I have never finished Yonder. I haven't given it a fair crack, even. I realised that as I was reading Kluwes' commentary on his own time with the game. I'd always struggled to find the thread of the narrative when I played, ending up rambling inconsequentially through the gorgeous scenery, getting nowhere and not really minding. Kluwes made it seem a much more coherent, completable game than I'd ever felt it to be. He 100%ed the entire thing and made it sound easy.

I was seriously considering starting Yonder over from scratch but of course I haven't done anything so dramatic. Or decisive. Instead, I seem to have jumped on the first available train heading the other way. 

As soon as I'd watched the videos I opened Steam, found the Ikonei Island store page and registered for the open beta. Acceptance was immediate so I downloaded it and started playing.

It says "Beta" in the description but the version number (bottom left) says "Alpha". Feels more like an alpha build to me.

First impressions are excellent. There's a charmingly illustrated introduction in which an unnamed narrator tells the story of four orphans - two humans, who look like they might be brother and sister, a lizard and a ... pig? - all of whom narrowly escape being taken by slavers (Who are also pigs for some reason.). 

They speed away on a raft powered by a magical wind released from a flask tossed to them by the mysterious narrator and end up, wrecked in a storm, cast up on the beach of some desert isle. It's a great beginning and the gameplay that follows backs it up admirably.

I would go into detail but I've only managed to play for about three-quarters of an hour.. Yes, okay, I could easily spin those forty-five minutes into a five post series if I had the mind to but I don't think that would do the game any favors. I want to leave a good impression because for the short time I was able to play, I really enjoyed myself.

"Rain, rain go away..." Or actually don't. I quite like it.

I can fill in a few notes, at least. The characters, animations and models are delightful, albeit a little hard to see, what with them being so tiny. There's seemingly being no way to zoom in with the fixed camera. The island, what little I saw of it (Mostly the shore and some ruins near the river.) is beautifully rendered in lush blues and greens, all softened contours and rounded edges. 

It rains all the time, which is both a plot point and an aesthetic pleasure. Everything looks and feels like it's been drawn in pastels then gently smdged with a damp cloth.

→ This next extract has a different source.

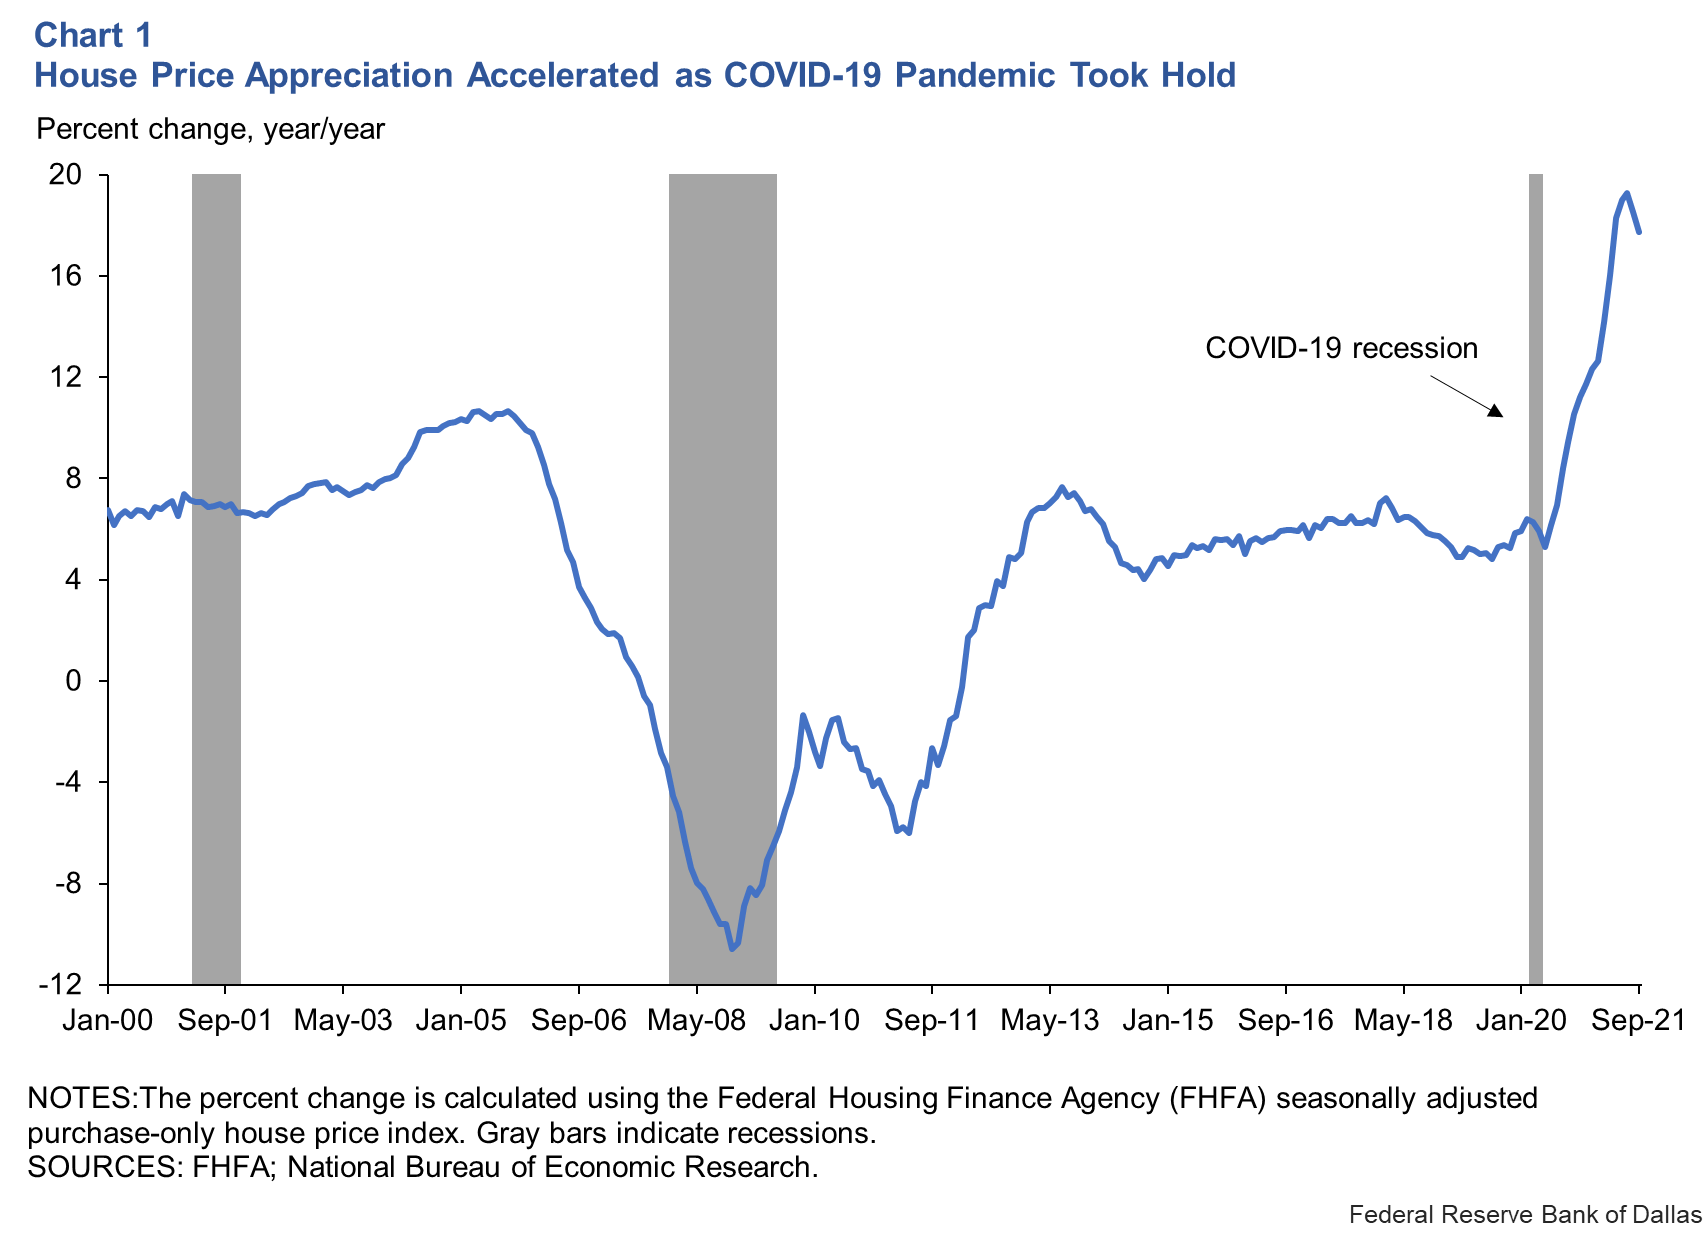 Chart 1: House Price Appreciation Accelerated as COVID-19 Pandemic Took Hold
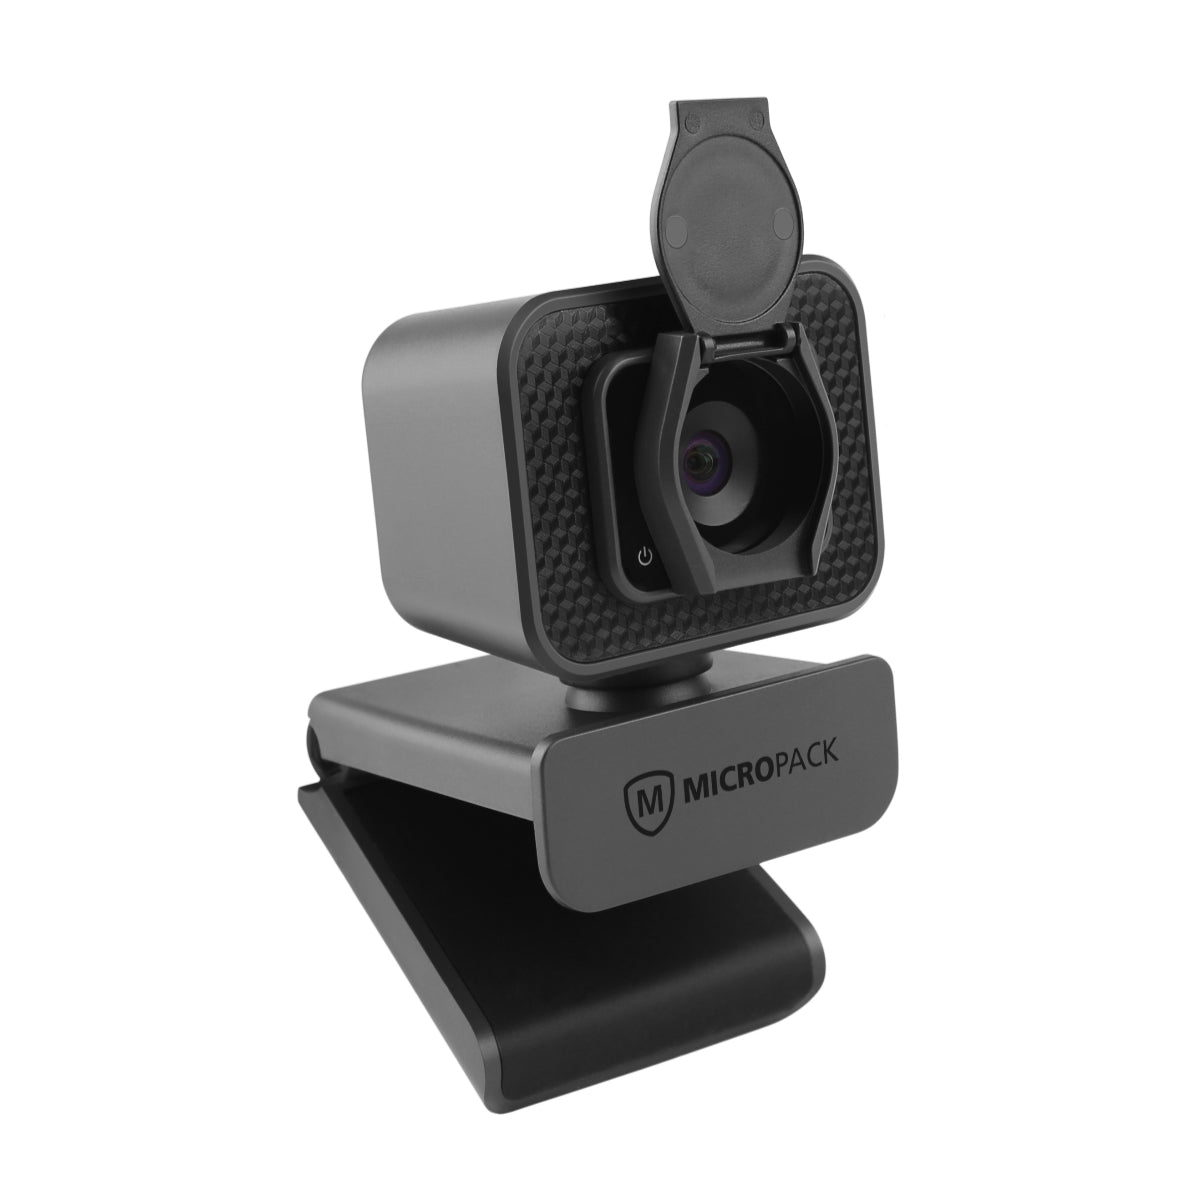 Supply 1080P Webcam for PC Laptop MICROPACK MWB-15

Frogs hop, crabs burrow and occasionally an aggressive plant detaches itself from the undergrowth and has to be soundly clouted with your "sword", a branch with the leaves still attached.

Hedda is the only charracter I've tried so far. I think you can play all four of them although I haven't figured out how to swap yet.

The UI is clear and attractive and I found the controls quite manageable, which may put me in a a very small minority indeed. The game opens with a warning that it's best played with a controller because the mouse and keyboard options aren't optimised and there's a thread on the game's Discussion page, in which the OP describes the beta keyboard controls as "unbearable" and everyone else agrees. I'd have to say I've seen a lot worse. Try playing Final Fantasy XI sometime...

That said, the controls do need some tweaking and the developers have already said it won't happen in the current beta, so even though I'd encourage anyone who likes the look of the screenshots or the gameplay in the video to give it a try, do be aware that it's not even Early Access yet. It's a proper beta. Or maybe an alpha...

Fear my mighty leaf. Sword! I mean sword!

It's so much a work in progress, in fact, that I ran into a proper, gamebreaking bug. When I got to the second area of the island and a new cut-scene played, the game registered a fatal error and shut down. The same has happened each time I've returned to that area, which is why I stopped and wrote this post instead. 

Otherwise I'd still be playing.

1 comment:

  1. Thank you for playing and writing about it! Know that the dev team has read this post.